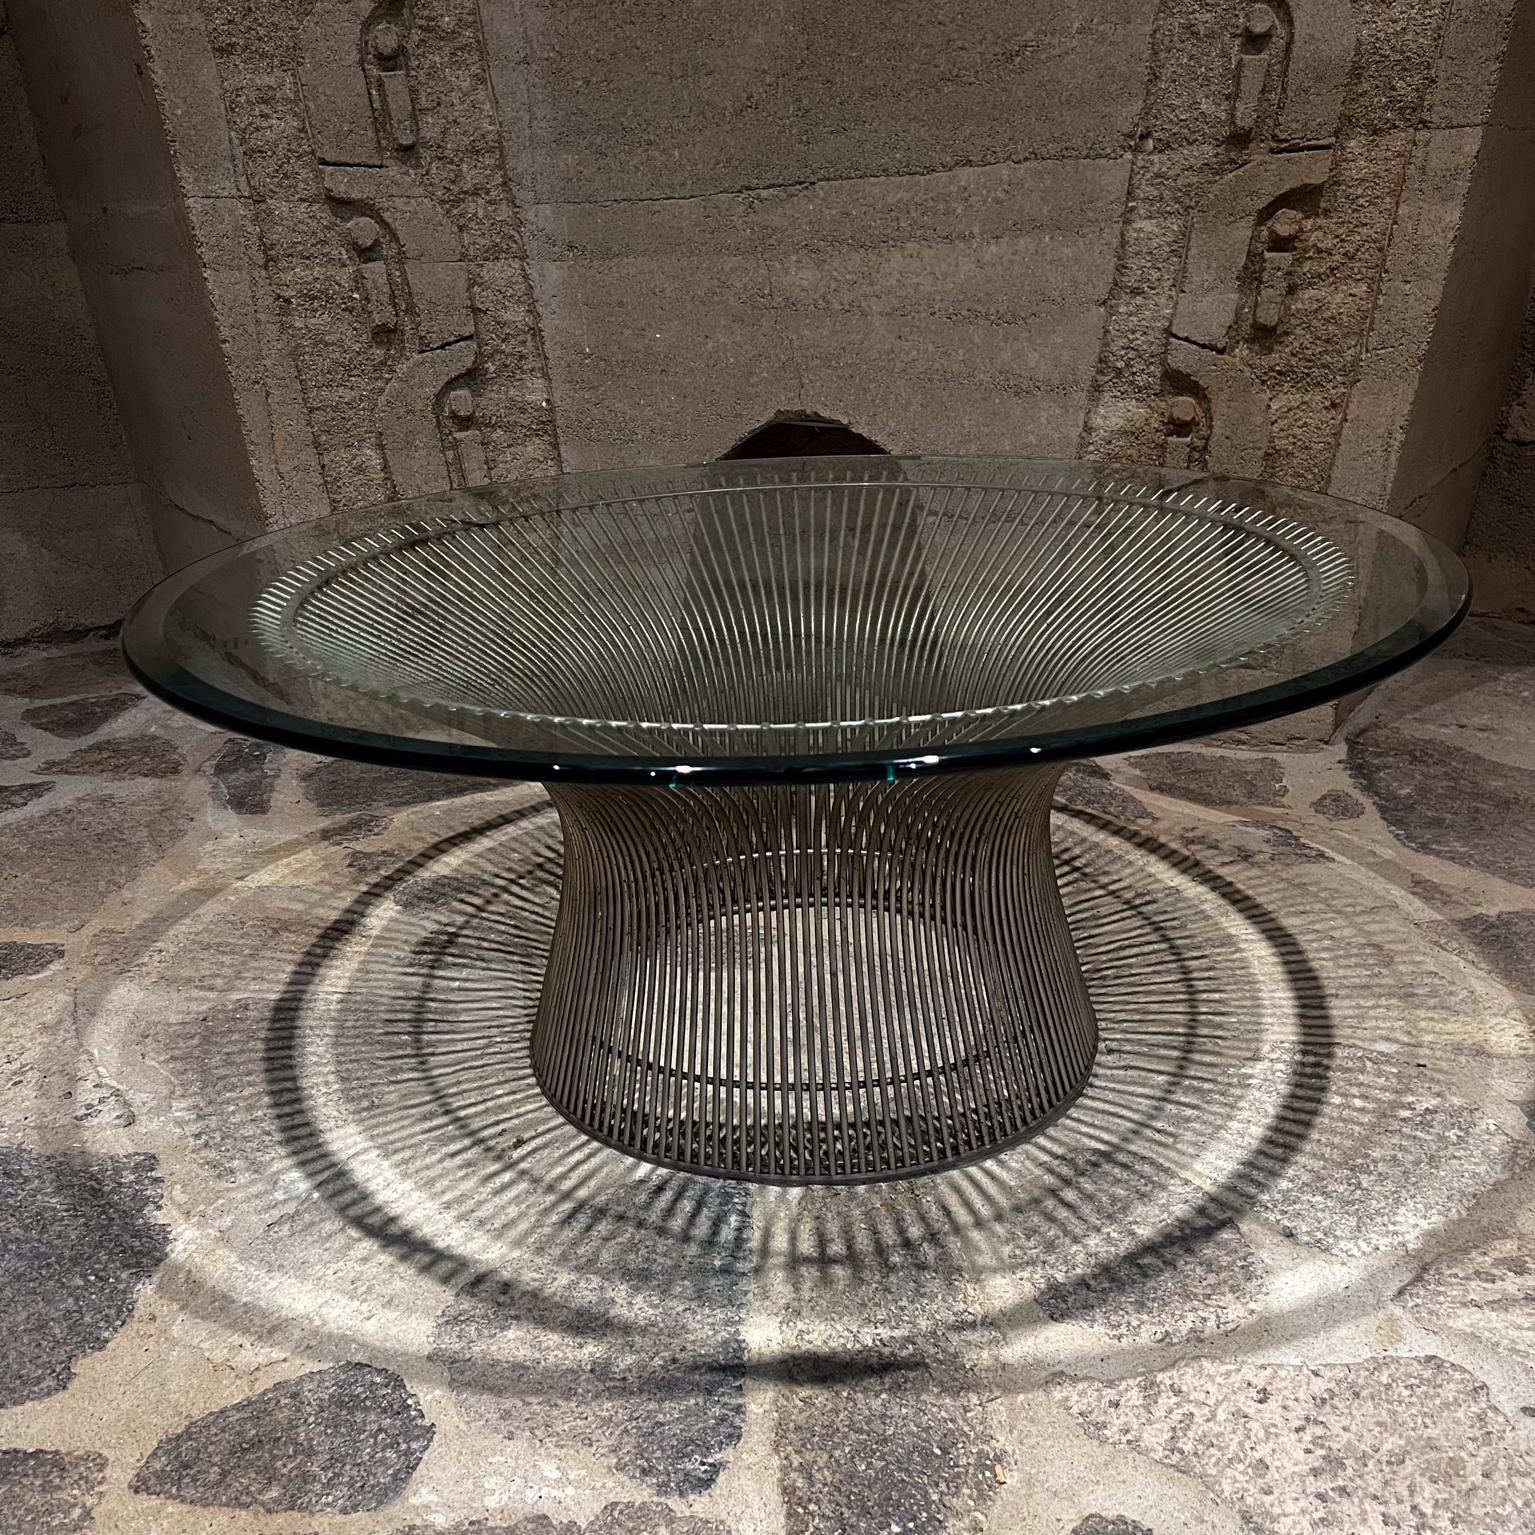 1970s Warren Platner Elegant Modern Round Coffee Table
Designed with metal wire and glass top.
Unmarked, attribution Warren Platner.
15.5 h with glass, glass 36 diameter x .5 thick Base 29 diameter
Preowned original vintage unrestored
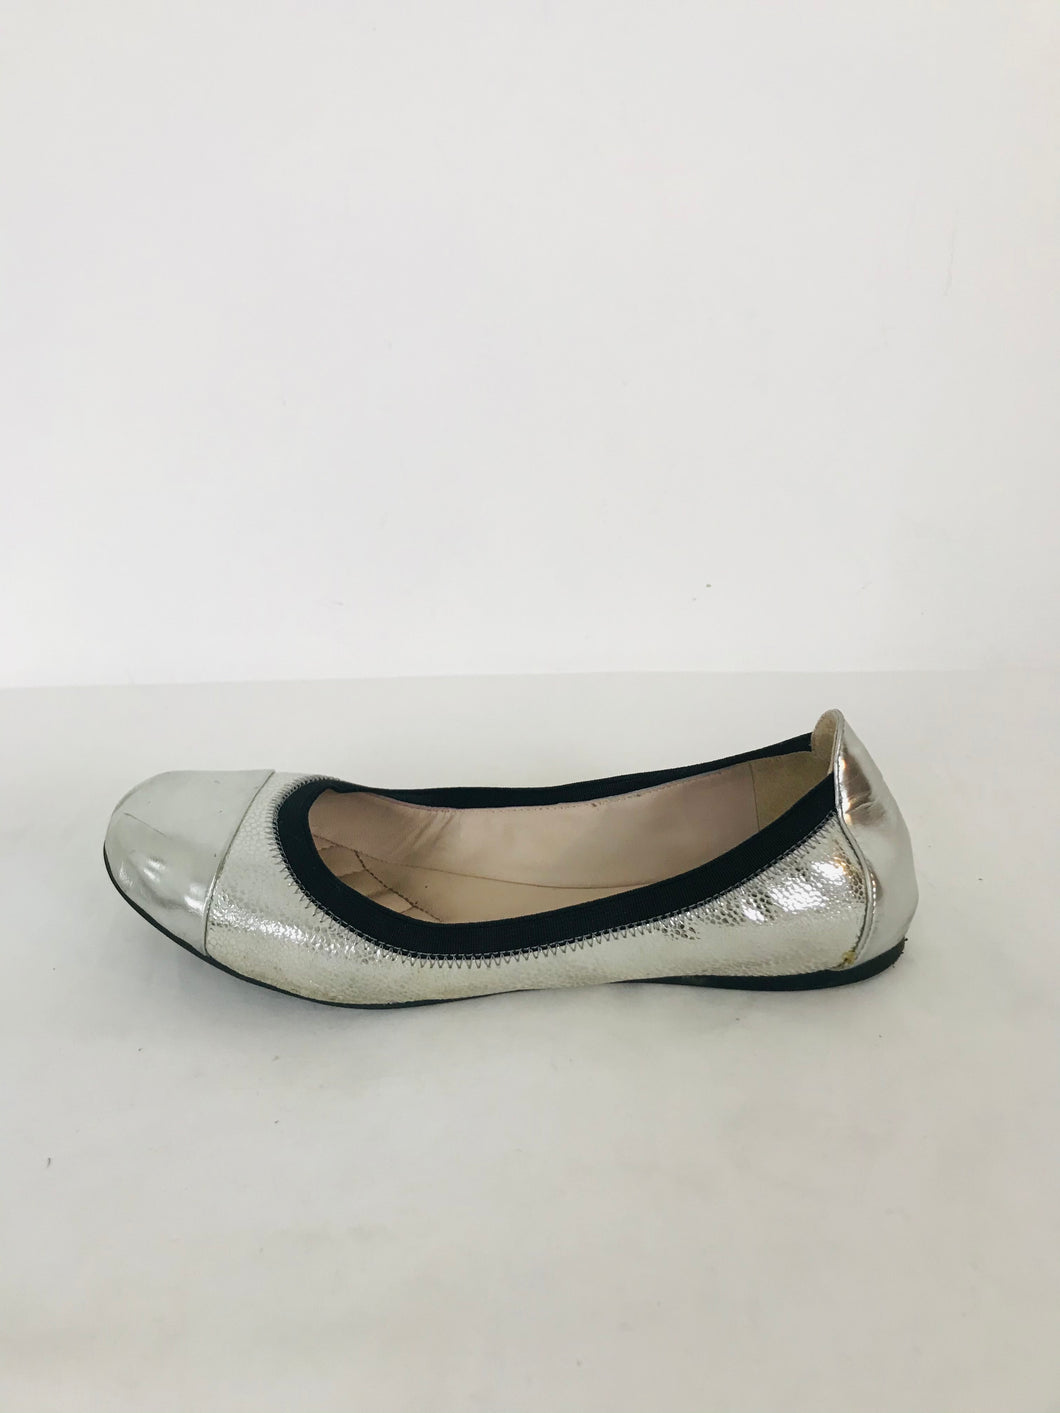 Vince Camuto Women’s Slip-On Ballet Shoes | 36 1/2 UK3.5 | Silver

● PROBLEM TO WORK ON:
Set down the material again exactly. Don't carry over any pictures.

● COMPLETED TASK:
 1970s Warren Platner Elegant Modern Round Coffee Table
Designed with metal wire and glass top.
Unmarked, attribution Warren Platner.
15.5 h with glass, glass 36 diameter x .5 thick Base 29 diameter
Preowned original vintage unrestored
 Vince Camuto Women’s Slip-On Ballet Shoes | 36 1/2 UK3.5 | Silver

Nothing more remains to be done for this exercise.